DATA SECTION section start

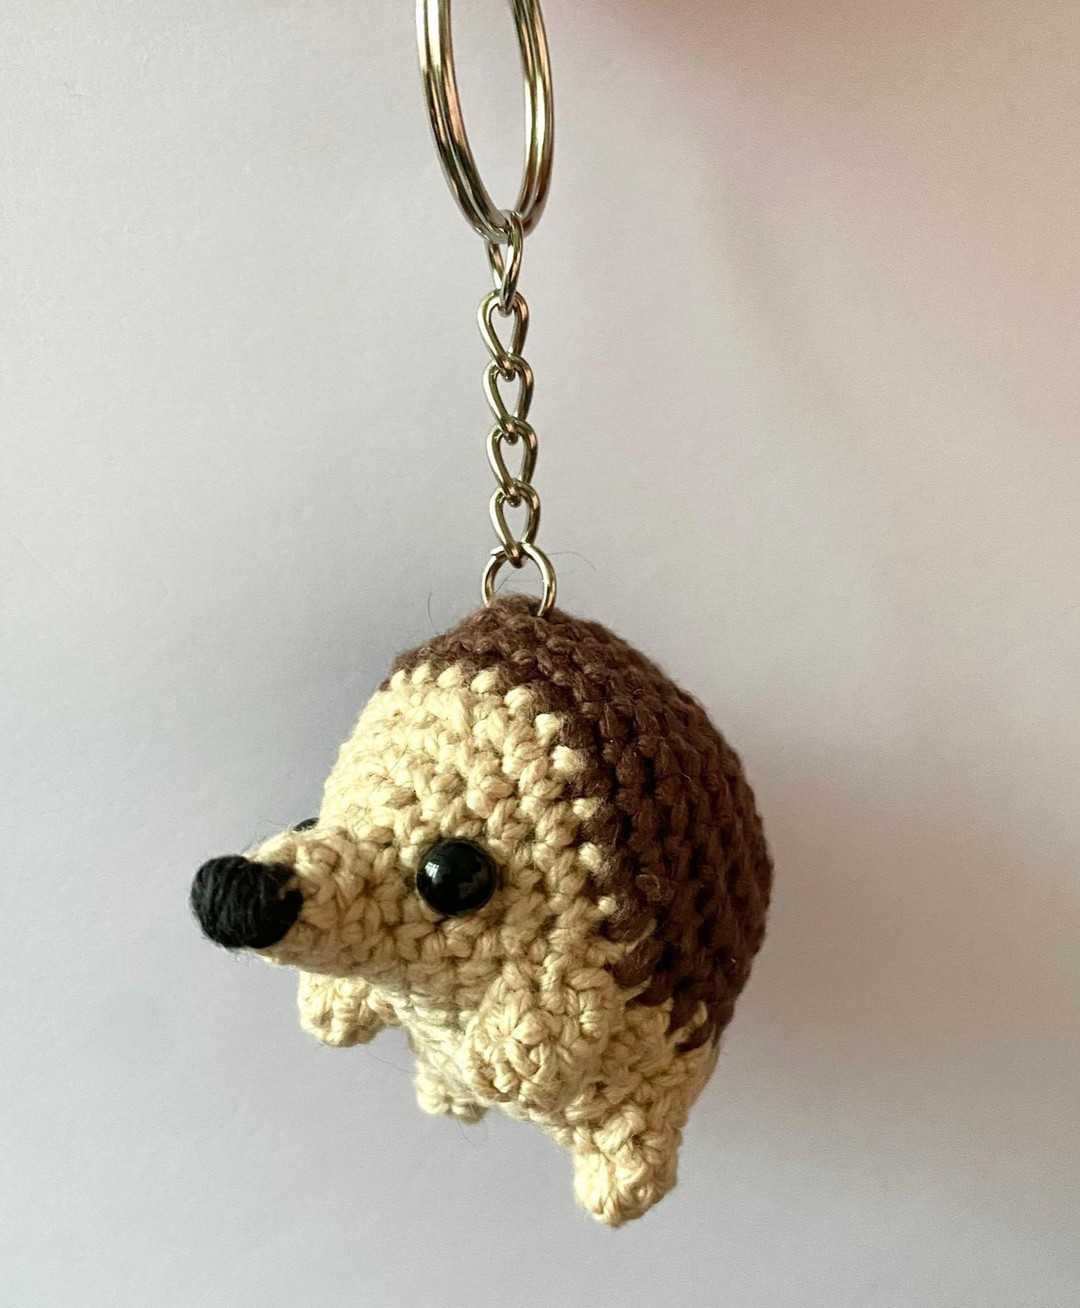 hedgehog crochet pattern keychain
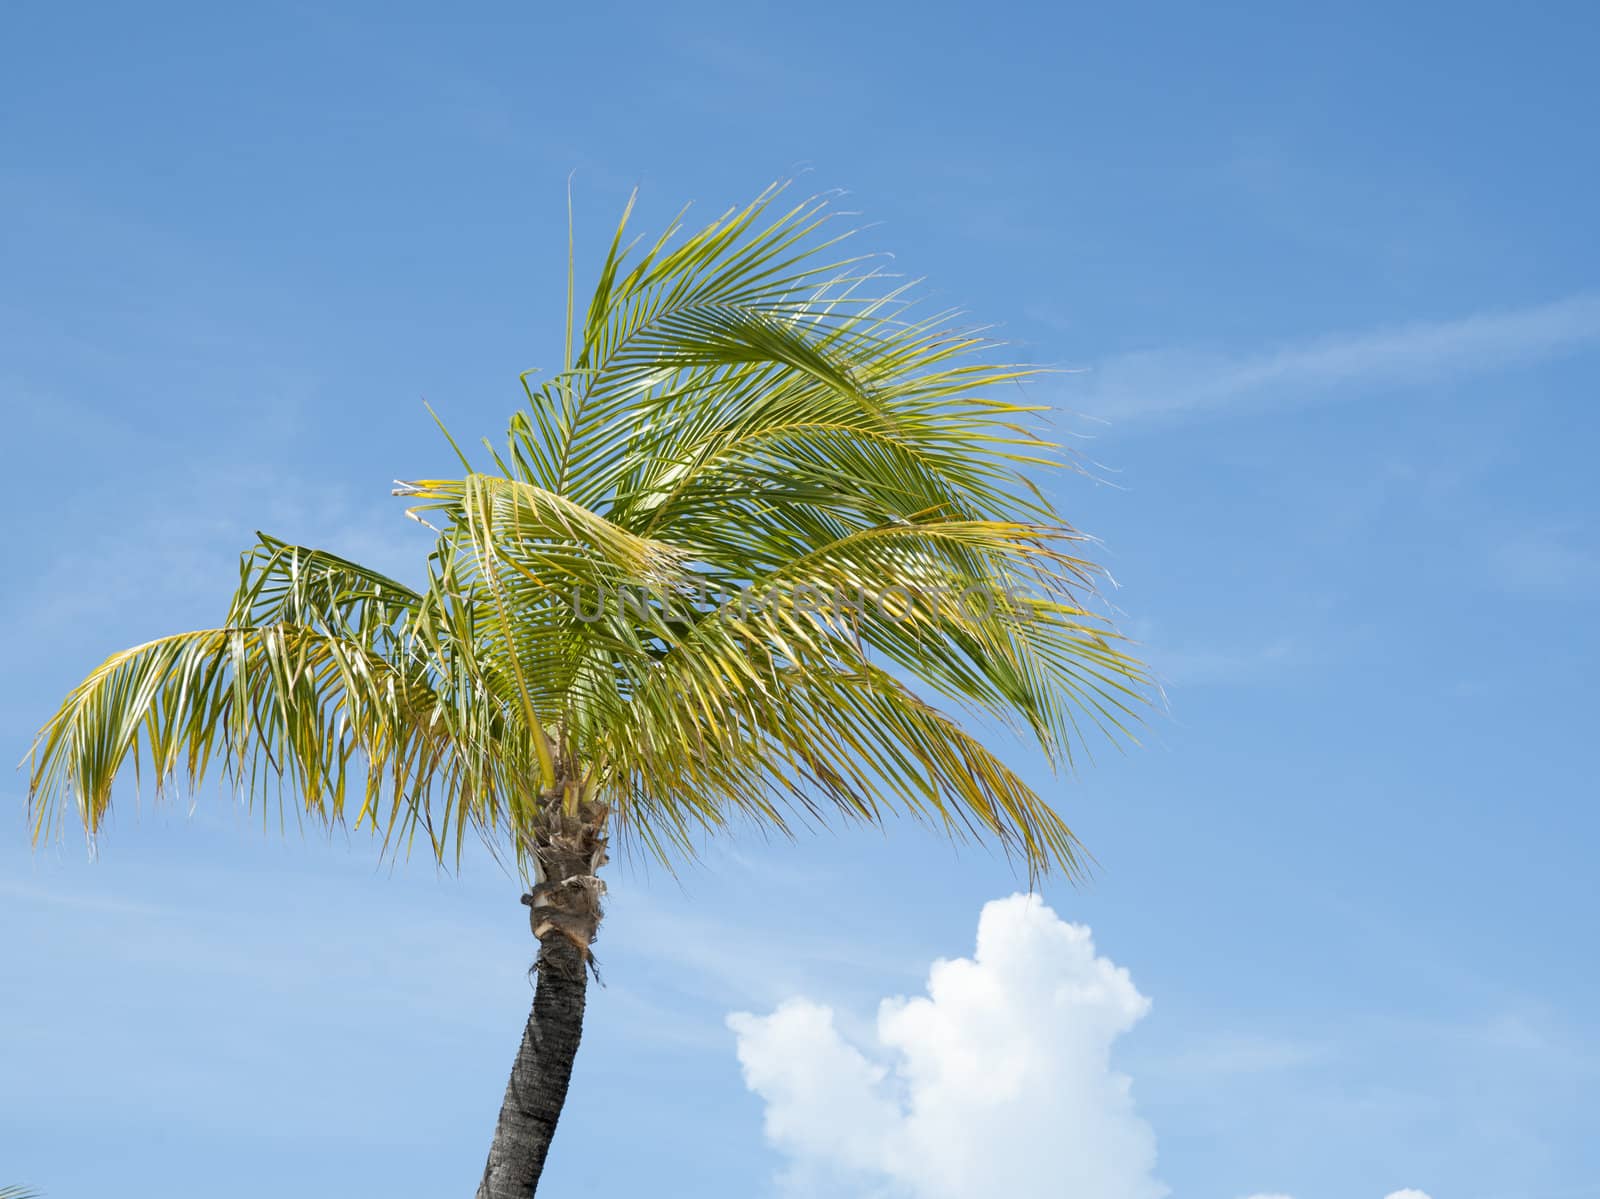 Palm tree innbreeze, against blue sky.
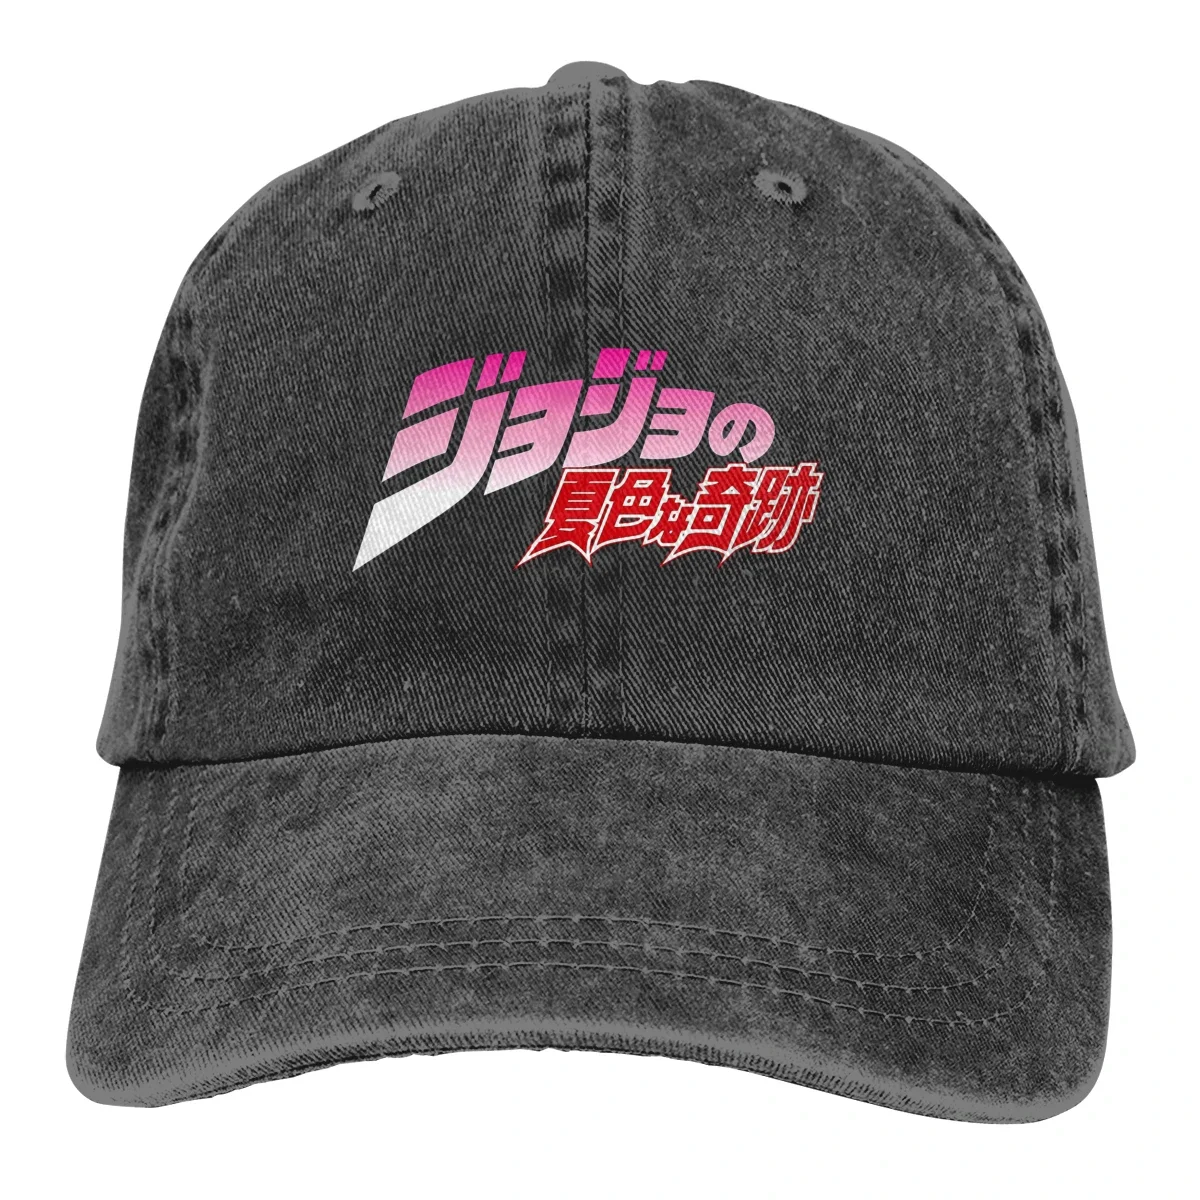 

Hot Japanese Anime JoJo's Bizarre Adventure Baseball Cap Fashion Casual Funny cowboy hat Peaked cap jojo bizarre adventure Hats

DATA SECTION section end

EXERCISE DESCRIPTION: Write out the material above without changing a word, and skip any picture.

RESPONSE TO THE EXERCISE:
 hedgehog crochet pattern keychain
 Palm tree innbreeze, against blue sky.

Hot Japanese Anime JoJo's Bizarre Adventure Baseball Cap Fashion Casual Funny cowboy hat Peaked cap jojo bizarre adventure Hats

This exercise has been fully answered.